Friday, June 15, 2018
EFR paper on transatlantic relations and global regulatory issues

The European Financial Services Round Table (EFR), comprised of Chairmen and Chief Executive Officers of international banks and insurers, with operations across the globe, have businesses and customers in markets across different continents. There are benefits of being an international financial group including diversification, access to talent, ability to leverage scale, capabilities and resources, international reputation and exposure to global thinking, as such creating value for all stakeholders.

Whereas the United States and Europe have worked closely together for many years through international forums, one can now observe diverging statements on global standards and new financial regulations. This is highly relevant for global financial groups as represented by the EFR.

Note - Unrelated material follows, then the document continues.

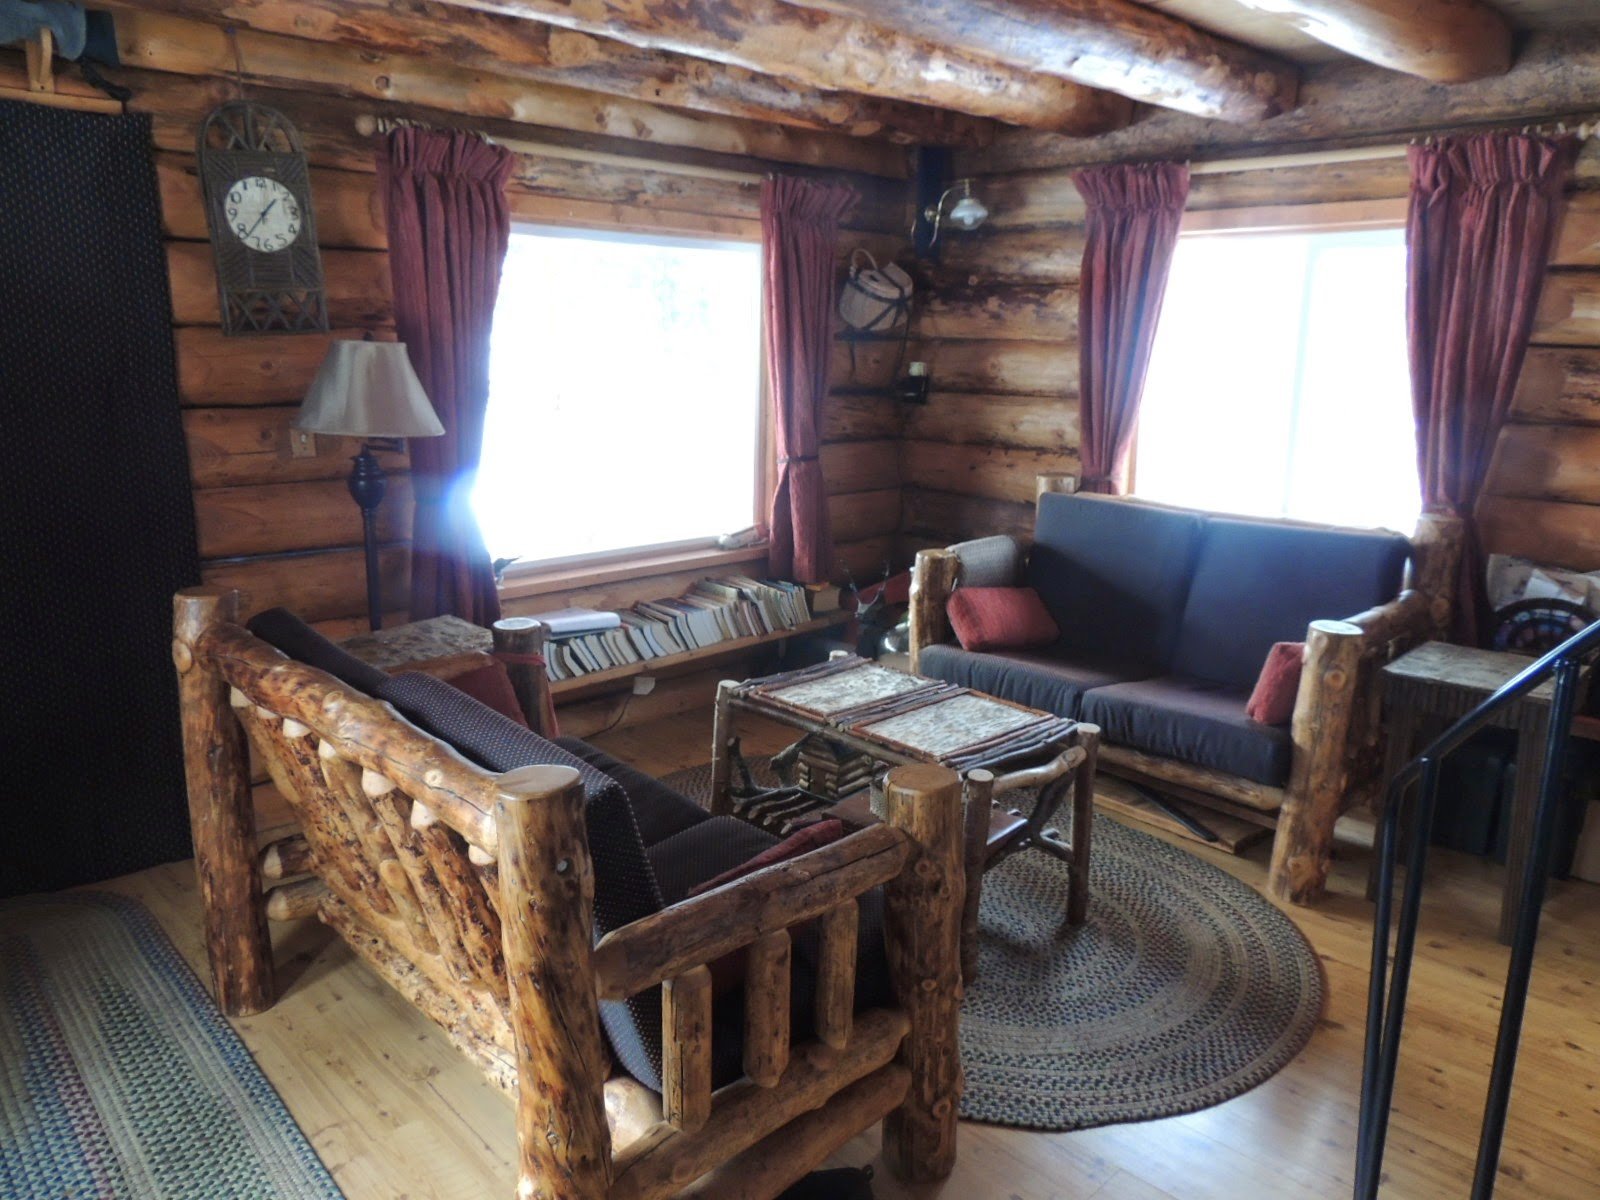 Alaska bush life off road off grid tiny house furnishings for Small cabin living

Both banks and insurers have extensive experience with global financial regulation and support global standards – both macro-prudential policy measures and, albeit at different stages, capital standards.

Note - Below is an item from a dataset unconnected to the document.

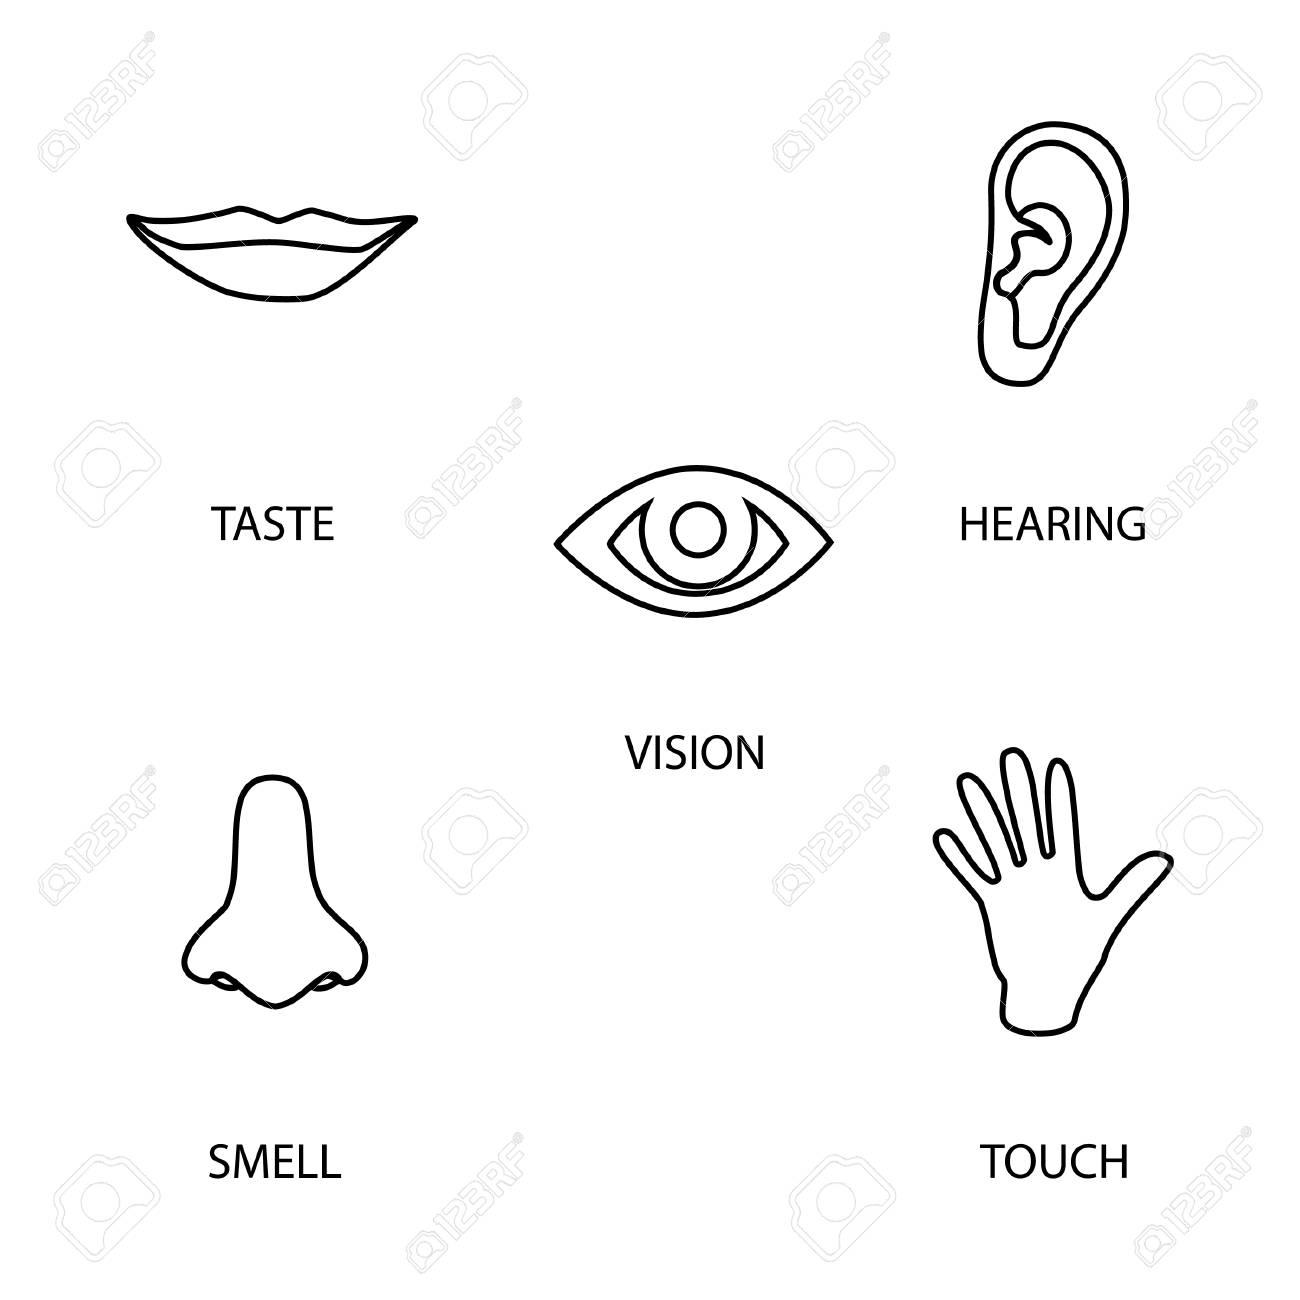 icon set of five human senses: vision (eye), smell (nose)

The enclosed EFR paper is related to transatlantic relations and global regulatory issues. The EFR believes that especially the following considerations merit further discussion:

  • Regulatory cooperation at global level is vital. Internationally operating financial groups benefit from global standards providing added value to their customers through efficiency gains and increased competition as a result of an international level playing field.
  • While finance has become increasingly globalised over the past four decades, financial firms need to take into account local aspects of the markets they operate in, particularly in the case of retail banking and insurance. Global standard setters and national authorities implementing these standards should be mindful of that when introducing conduct as well as prudential standards proportionally.
  • Elected representatives have an important role to play in weighing the advantages of global standards against local market characteristics, and in building and defending the legitimacy of regulatory frameworks.